The oiler departed Port Arthur 24 July and arrived at San Pedro, California 9 August. From 1919 to 1929, Kanawha, with the exception of three cruises to Port Arthur to supply units and ports along the Atlantic coast, operated in the Pacific. In addition to servicing ships, the oiler participated in the Army-Navy maneuvers in Hawaii during April 1925. She then accompanied the Battle Fleet on a goodwill cruise to Australia and New Zealand before resuming coastal fueling operations 25 September 1925. Kanawha was decommissioned at Puget Sound Naval Shipyard 18 December 1929.

She was recommissioned 5 June 1934 and cleared Bremerton 21 June for her base at San Pedro. For the following six years she cruised along the United States West Coast supplying oil and gasoline to ports in the Panama Canal Zone, the Caribbean, and Hawaii. In 1941 Kanawha widened her operations, sailing east to Midway and Wake Islands and as far north as Alaska. The oiler was at Mare Island undergoing overhaul at the time of the Japanese attack on Pearl Harbor.

===World War II===
Kanawha departed San Pedro 21 March 1942 with a convoy loaded with supplies for Hawaii. She continued convoy runs from California to Pearl Harbor until 18 May when she arrived Tongatapu for fueling operations in the South Pacific. Throughout the summer she cruised to New Caledonia, Espiritu Santo, and Efate, providing fuel for destroyers and transports en route to the Pacific campaigns. The oiler departed Pago Pago 12 October and put into San Francisco 29 October for repairs and overhaul.

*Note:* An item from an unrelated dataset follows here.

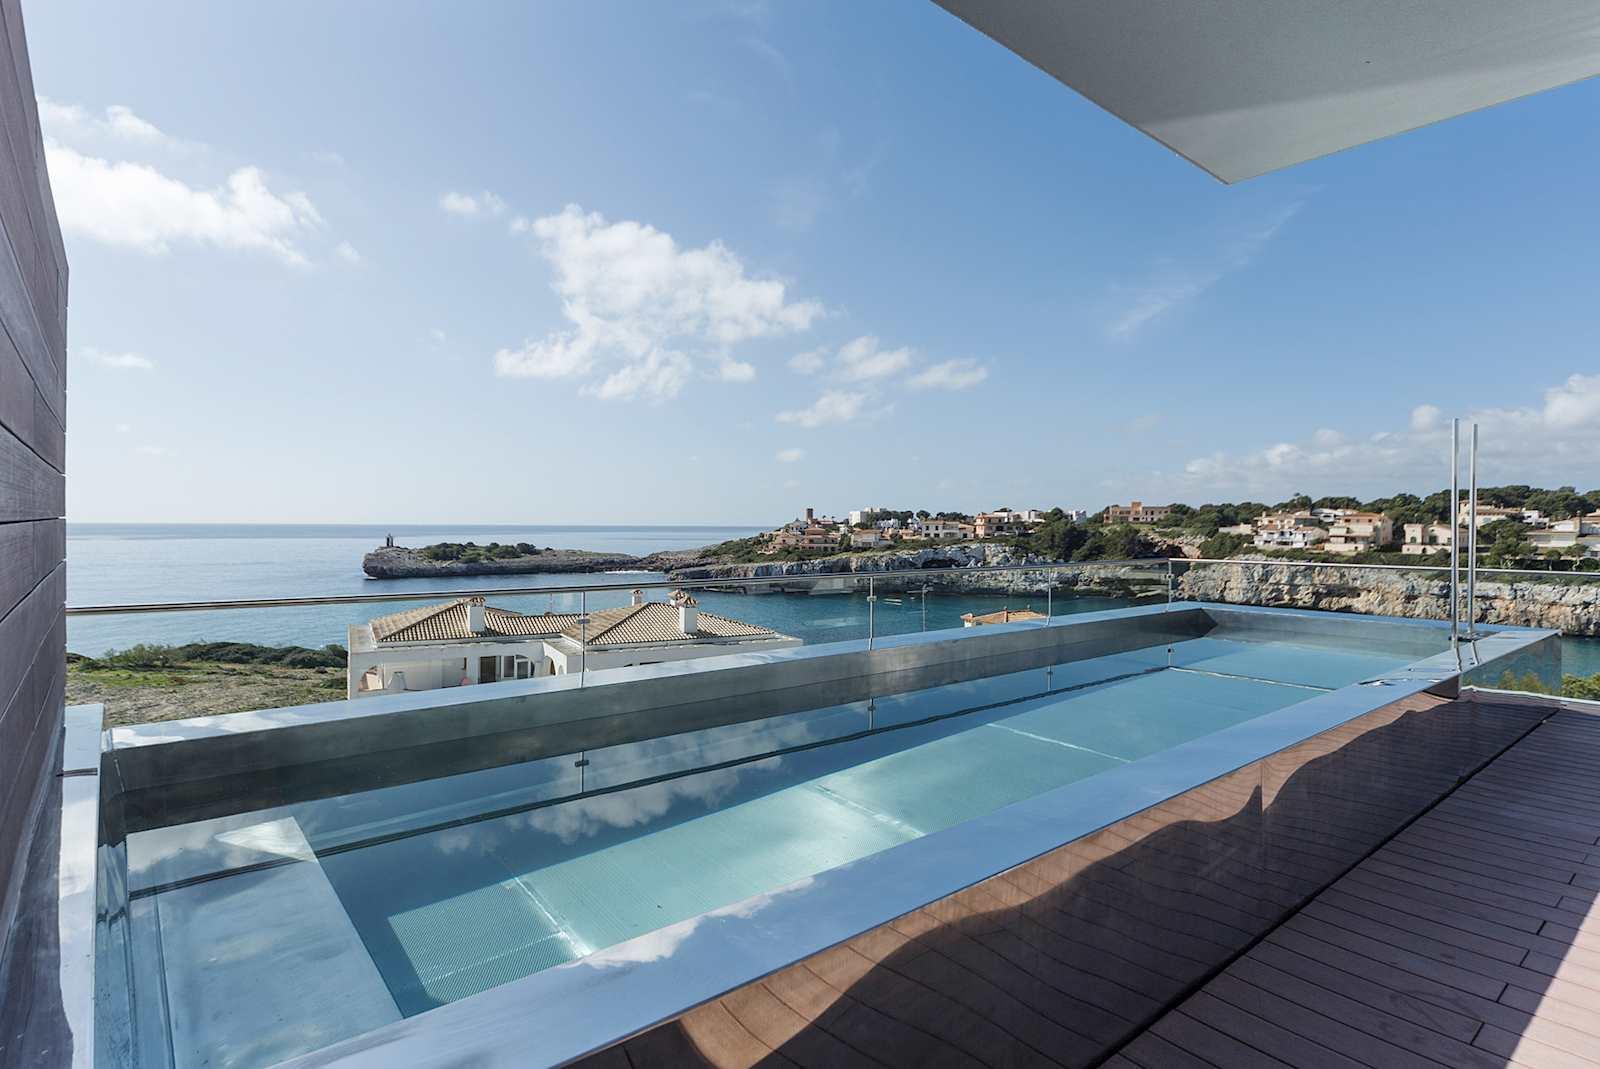 2 bedroom Flat for sale in Portocristo / Port de Manacor with pool - € 1,990,000 (Ref: 3893316)

Kanawha resumed fueling operations upon her return to Pago Pago 13 February 1943. For the next two months she serviced ships engaged in the struggle in the Solomon Islands.

On 7 April a group of Japanese Vals slipped through fighter defenses and zeroed in on Kanawha as she awaited an escort in Tulagi harbor. At 1502, shortly after clearing the harbor, the slow and vulnerable oiler came under bomb attack. One of the first five planes hit an oil tank under the bridge, causing fires to spread rapidly along the deck. Lt. Comdr. Bock ordered the ship abandoned to minimize danger to his crew from burning oil on the surface. After rescue operations were underway, volunteers returned on board and extinguished fires amidst exploding ammunition. The tug towed Kanawha to the west side of Tulagi where she was beached shortly before midnight. However, she slid off into deep water and sank before daybreak 8 April. Nineteen of her crew were lost.

Kanawha received one battle star for World War II service.